Material shown:

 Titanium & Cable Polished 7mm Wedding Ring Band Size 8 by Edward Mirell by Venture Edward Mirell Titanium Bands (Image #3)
---
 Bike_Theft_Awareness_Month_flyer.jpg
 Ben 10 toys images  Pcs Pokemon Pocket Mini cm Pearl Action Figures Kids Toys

Work request: Beginning with the line above that contains "Bike_Theft_Awareness_Month_flyer.jpg", copy each line exactly up to and including the line that contains "Ben 10 toys", and go no further.

Final answer:
 Bike_Theft_Awareness_Month_flyer.jpg
 Ben 10 toys images  Pcs Pokemon Pocket Mini cm Pearl Action Figures Kids Toys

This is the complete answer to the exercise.